I say this all the time, but I am continually blown away at the things Chase teaches me and shows me every day! I know that ALL kids are a blessing in their own special ways, but Chase has taught me SOOOO much about life and faith and humility in the 4 years I have been blessed to be his mommy.
I see God working so many miracles through him and teaching me so much in the process. Every day is a different battle, but I have learned to TRY to see the positive in every situation. It's not always easy, but I know that things could ALWAYS be worse for us. There are people in this world going through much harder things and living in much much harder circumstances. I don't ever want to negate other people's struggles. I try to be thankful every day for the things we have and the opportunities God has set before us.

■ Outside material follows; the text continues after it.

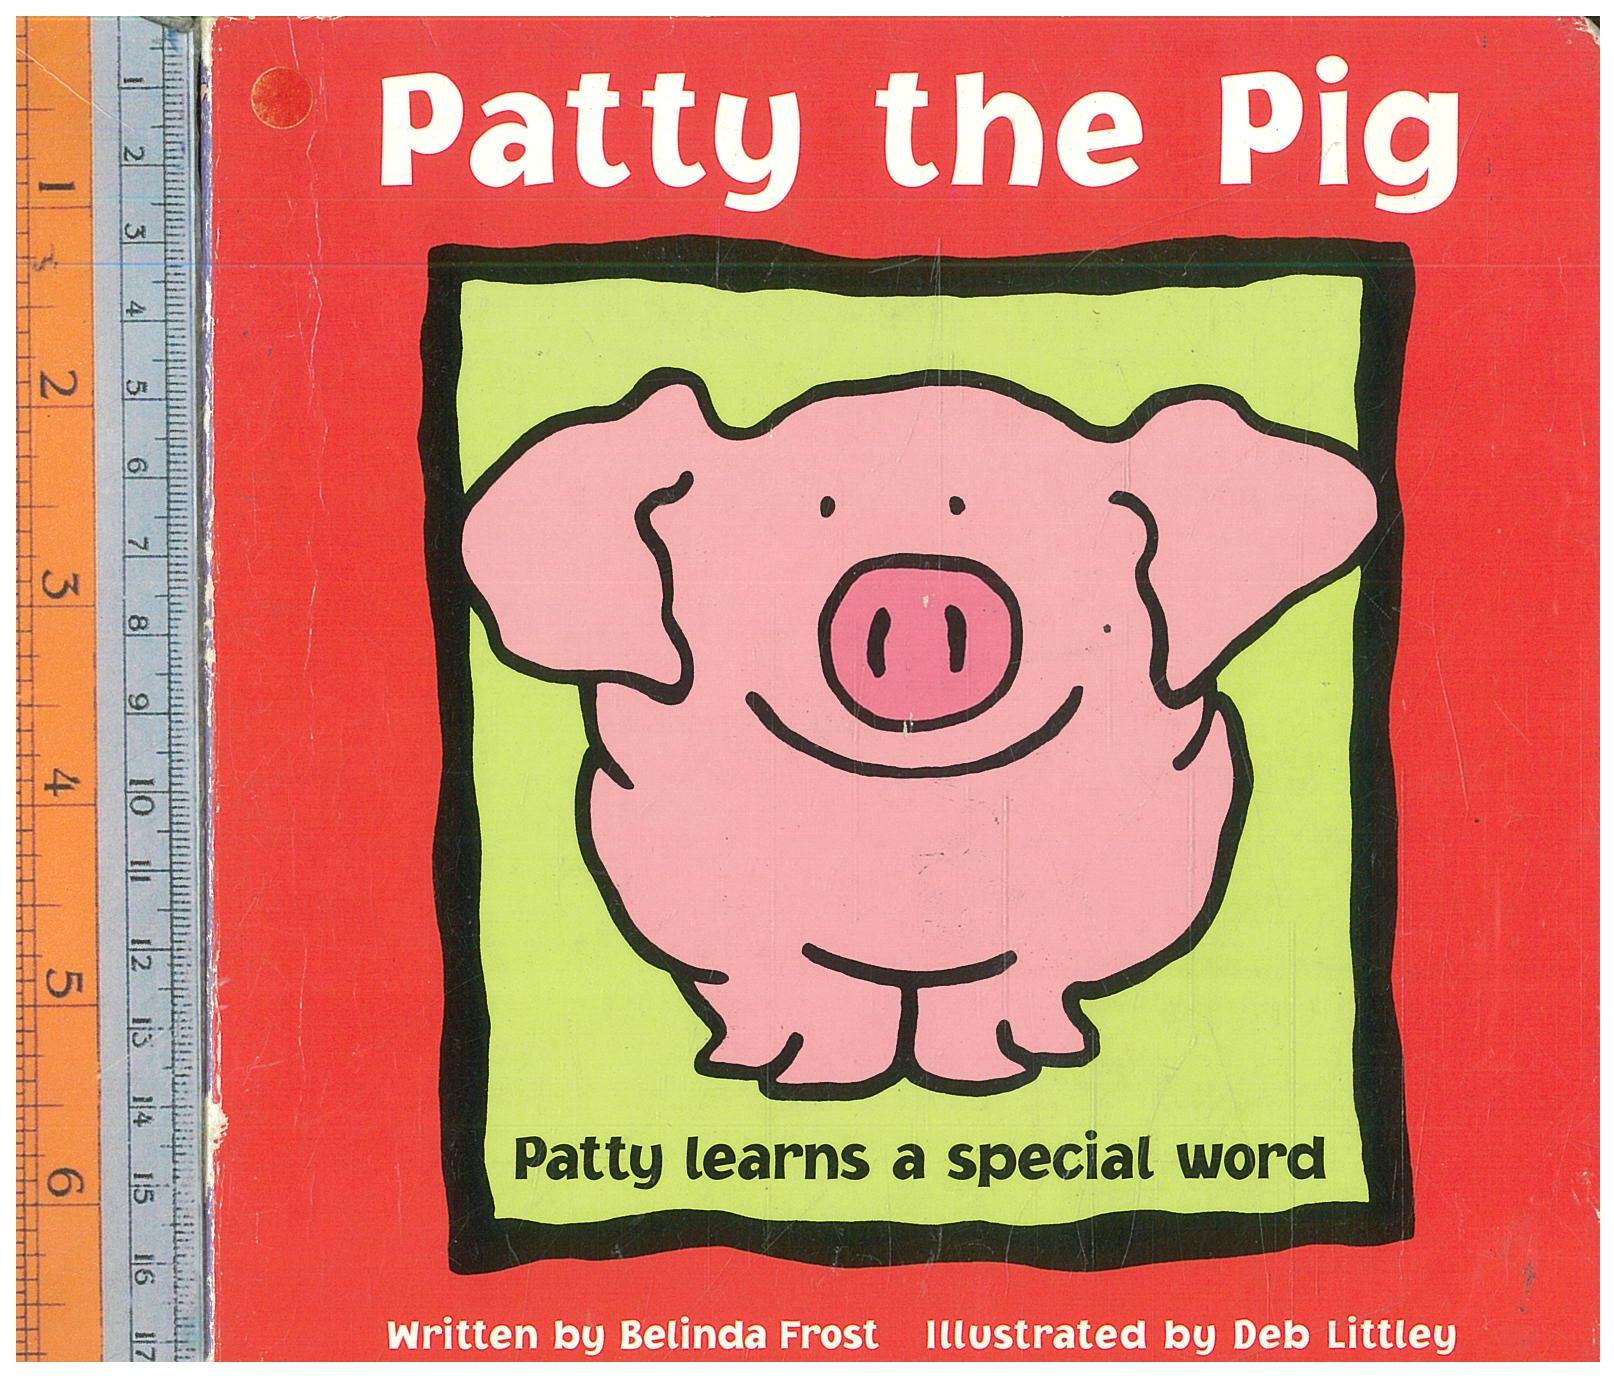 Patty the Pig
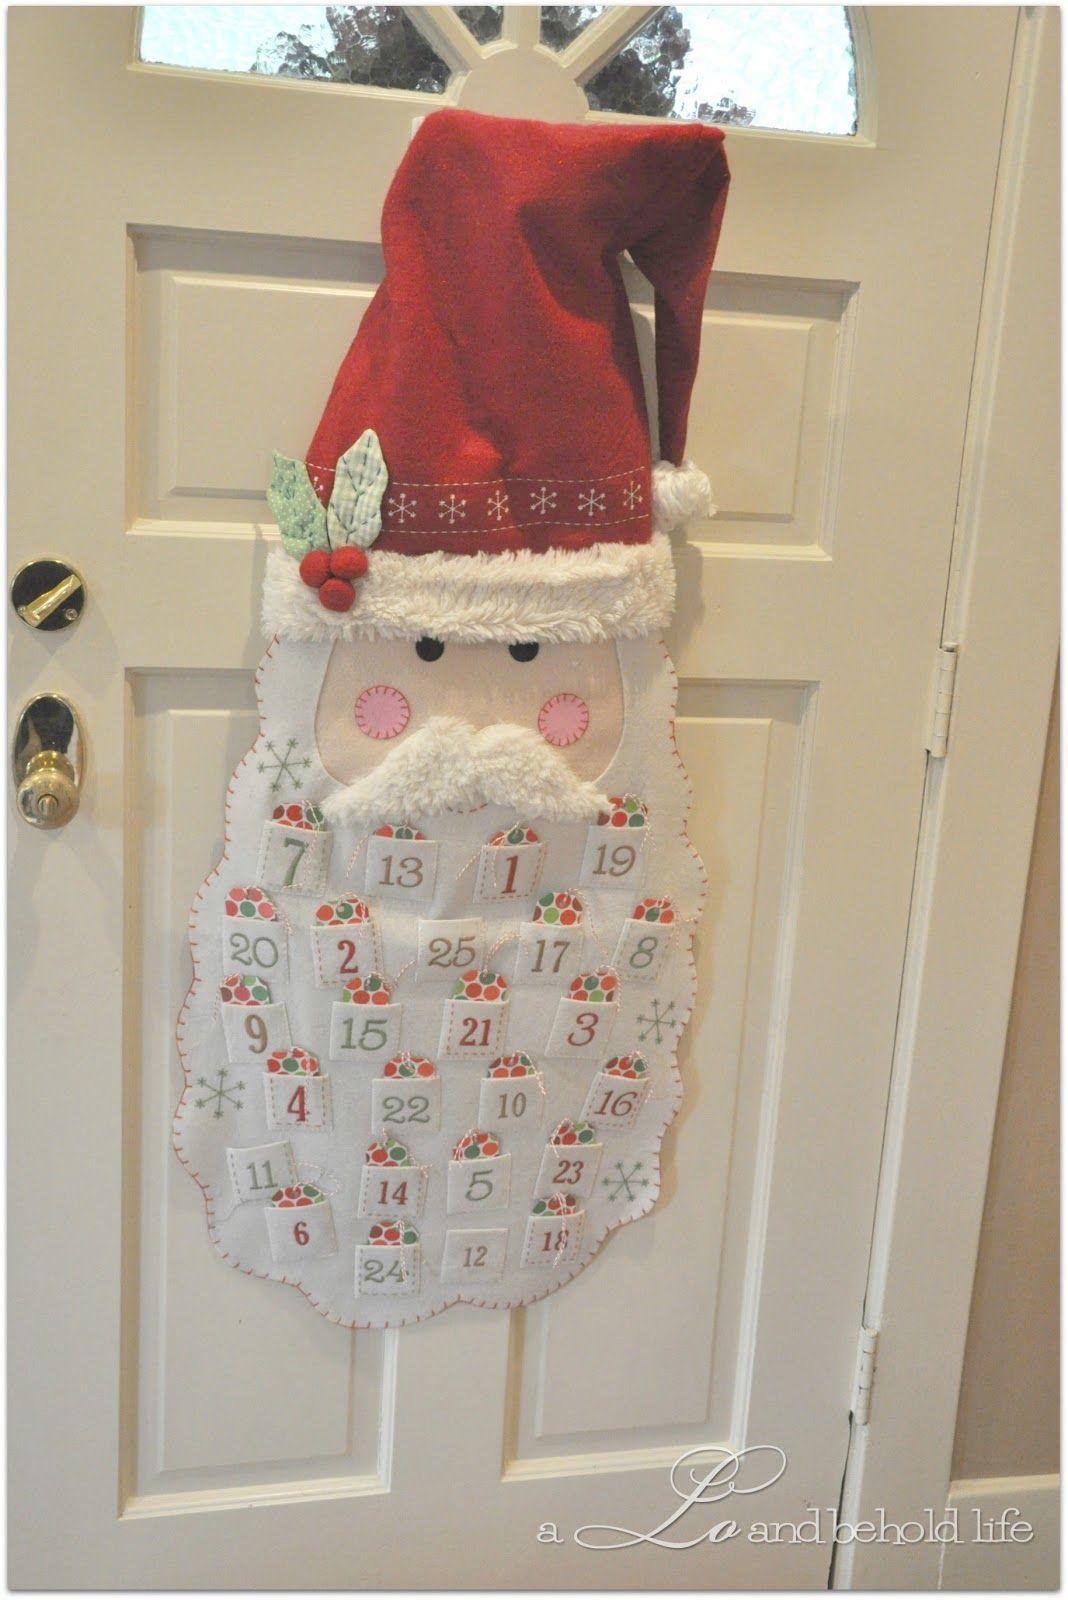 Santa Advent Calendar.  a LO and behold life

Patience has never been something I have been particularly good at. I am an instant-gratification kind of person, or at least a person who likes to make things happen myself. I have mentioned in previous posts, with us trying to move to Nashville, that that was one of the toughest tests of faith and learned patience that I have ever had to go through. God continues to show me patience every day with the boys. If it's not a temper tantrum with Miles, it's cleaning up ANOTHER poopy "accident" with Chase (we are still working on this part of potty training), or picking up the 1000th toy that they have thrown all over the house, or vacuuming up the millionth crush goldfish on the floor....the list goes on. To make matters worse, the last few months have been ESPECIALLY tough with the boys being as sick as they have been, on top of me adjusting to my new role as full-time stay at home mommy. I am not complaining AT ALL about this new title because I know I am lucky to be able to stay home with the boys, but it has been an adjustment in itself and really tested the limits of my patience.
Words don't always express "I love you". For the longest time all I hoped and prayed for was for Chase to talk...to say ANYTHING. I still long to hear him say "I love you mom", but God has opened my eyes to the many other ways Chase says he loves me.
Hugs have always been something Chase has been really good at giving. And lately he has known EXACTLY when I need one. I can be on the couch on the verge of tears (out of frustration, exhaustion, hormones, whatever), or laying in bed feeling crummy and sick, and he gives the most tender sweet hugs. I know it's his way of saying, "I love you mom". I can just tell. And in those sweet moments I thank God for him and everything HE teaches ME. I watch him interacting with Miles and playing nicely and it warms my heart. It's truly an answered prayer from God. I watch them laughing together and sharing those moments and nothing makes me happier in life. True humility.
And icing on the cake, the last few weeks Chase has started saying "mamma" to me. He doesn't do it often, and it's usually a whisper, but he has said it more times than I can count lately. And those sweet sounds coming out of his mouth make me want to jump for joy and thank God for all the therapists and teachers and people in his life who have gotten us to this point! I am truly truly grateful for the opportunities we have been given here in Nashville. Looking back on the last year and everything we have gone through to get to this point has made me realize even more how thankful I am that God has given us/me this opportunity to share our story and advocate for Chase (and all kids with Autism) and help other people on this journey!
Thank you, again, Chase for opening my eyes every day to something new and teaching me so much on this journey we are sharing!